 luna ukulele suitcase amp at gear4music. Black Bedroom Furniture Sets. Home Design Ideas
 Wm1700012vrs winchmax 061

───

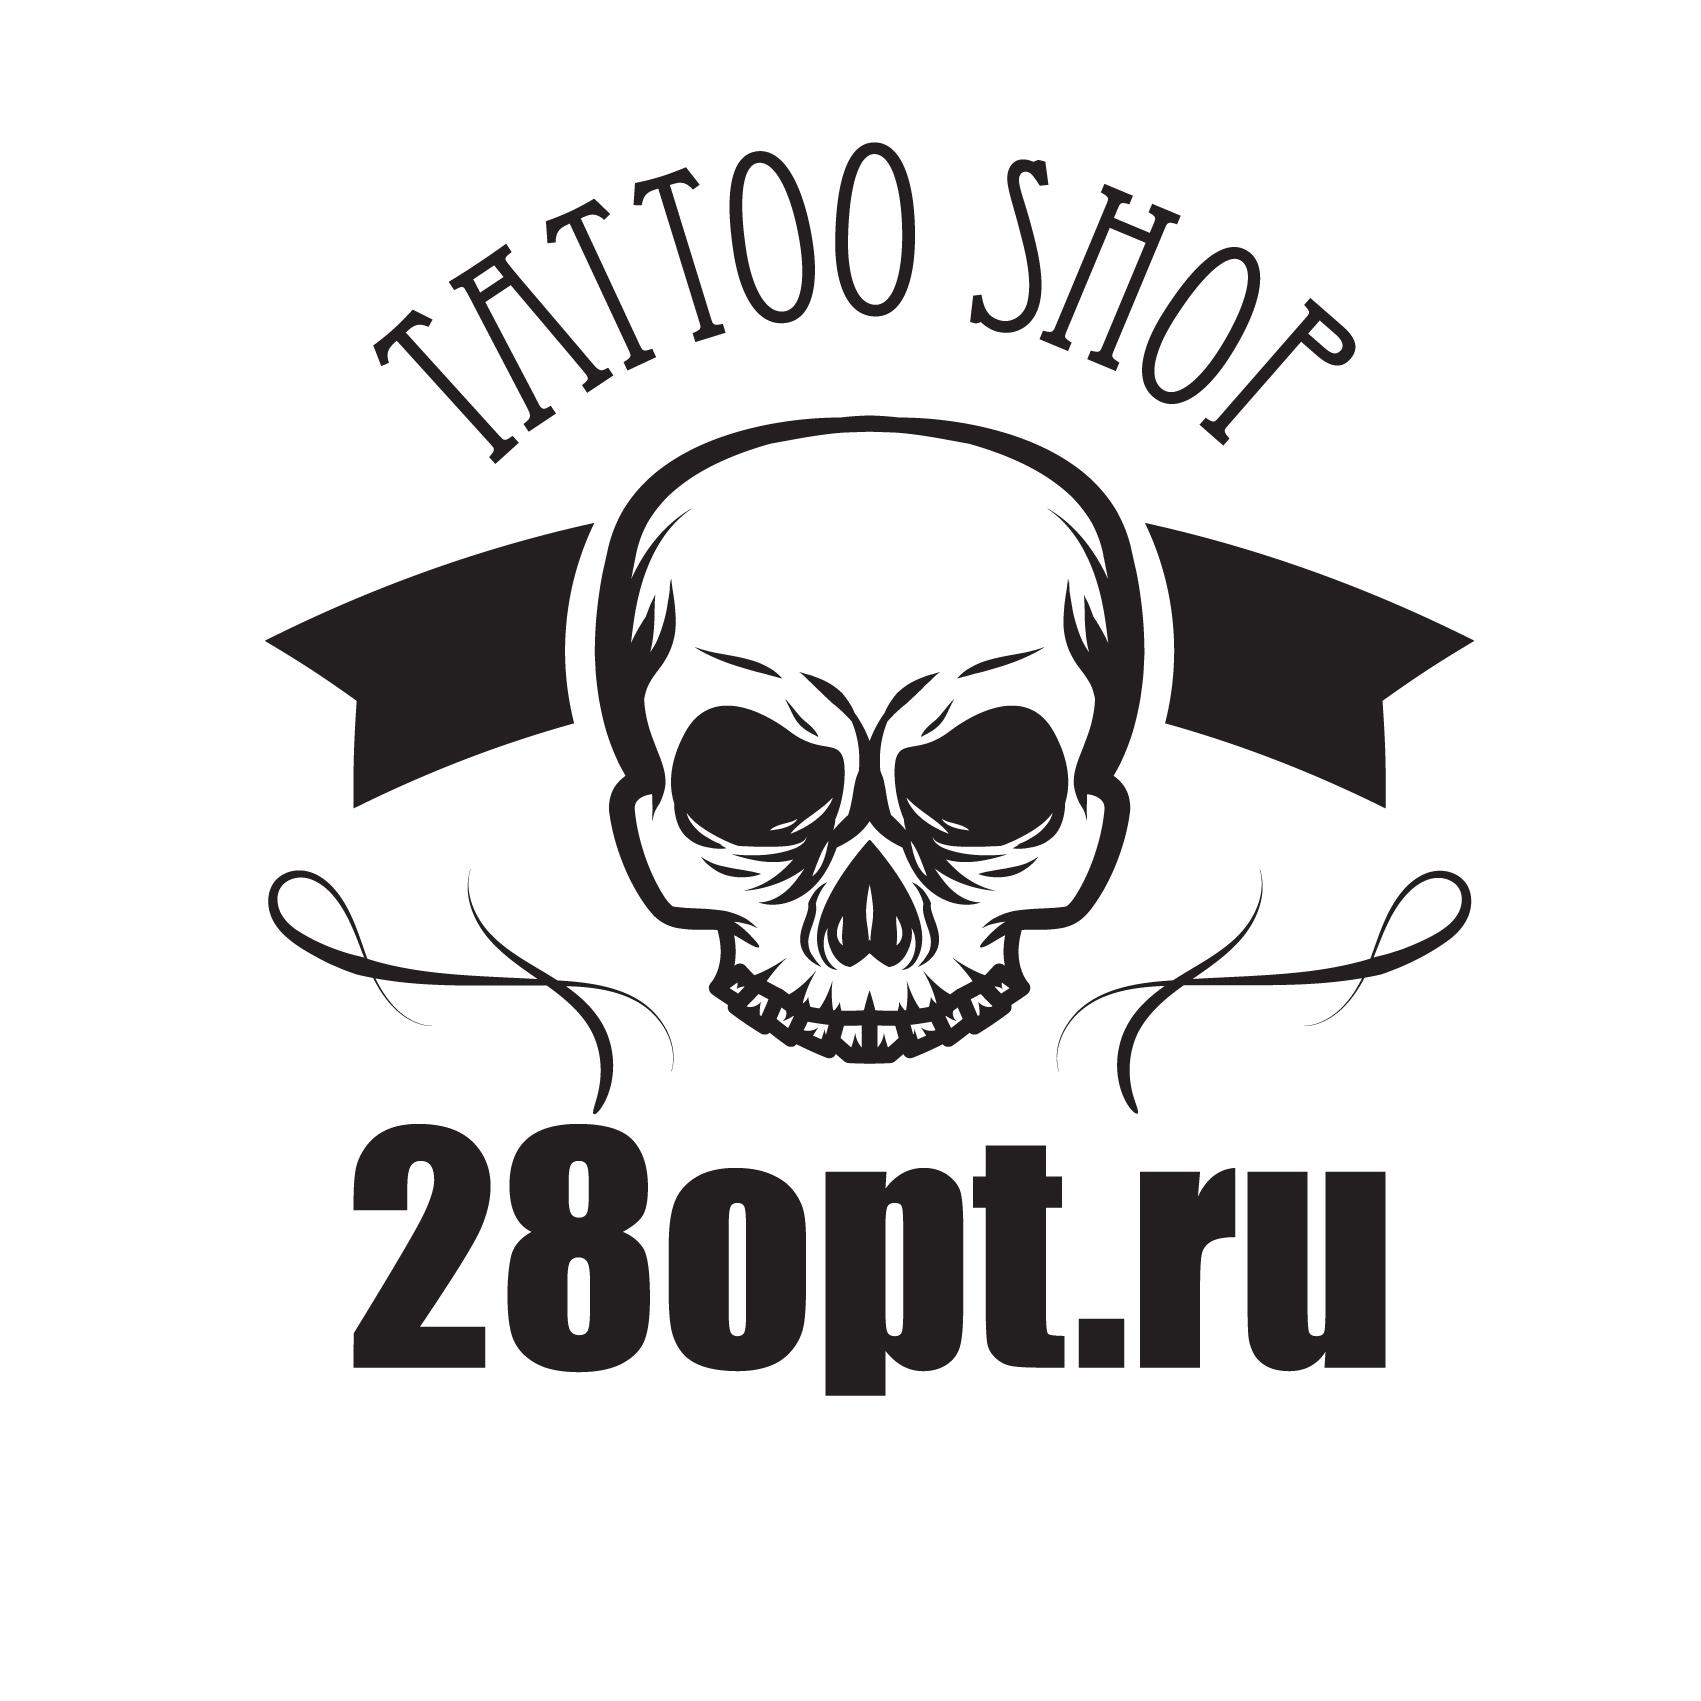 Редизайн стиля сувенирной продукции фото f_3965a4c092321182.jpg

───

> **ACTION ITEM**
Extract exactly and only the lines above from the line containing "luna ukulele suitcase" through the line containing "Wm1700012vrs winchmax 061", both end lines included.

> **EXERCISE OUTPUT**
 luna ukulele suitcase amp at gear4music. Black Bedroom Furniture Sets. Home Design Ideas
 Wm1700012vrs winchmax 061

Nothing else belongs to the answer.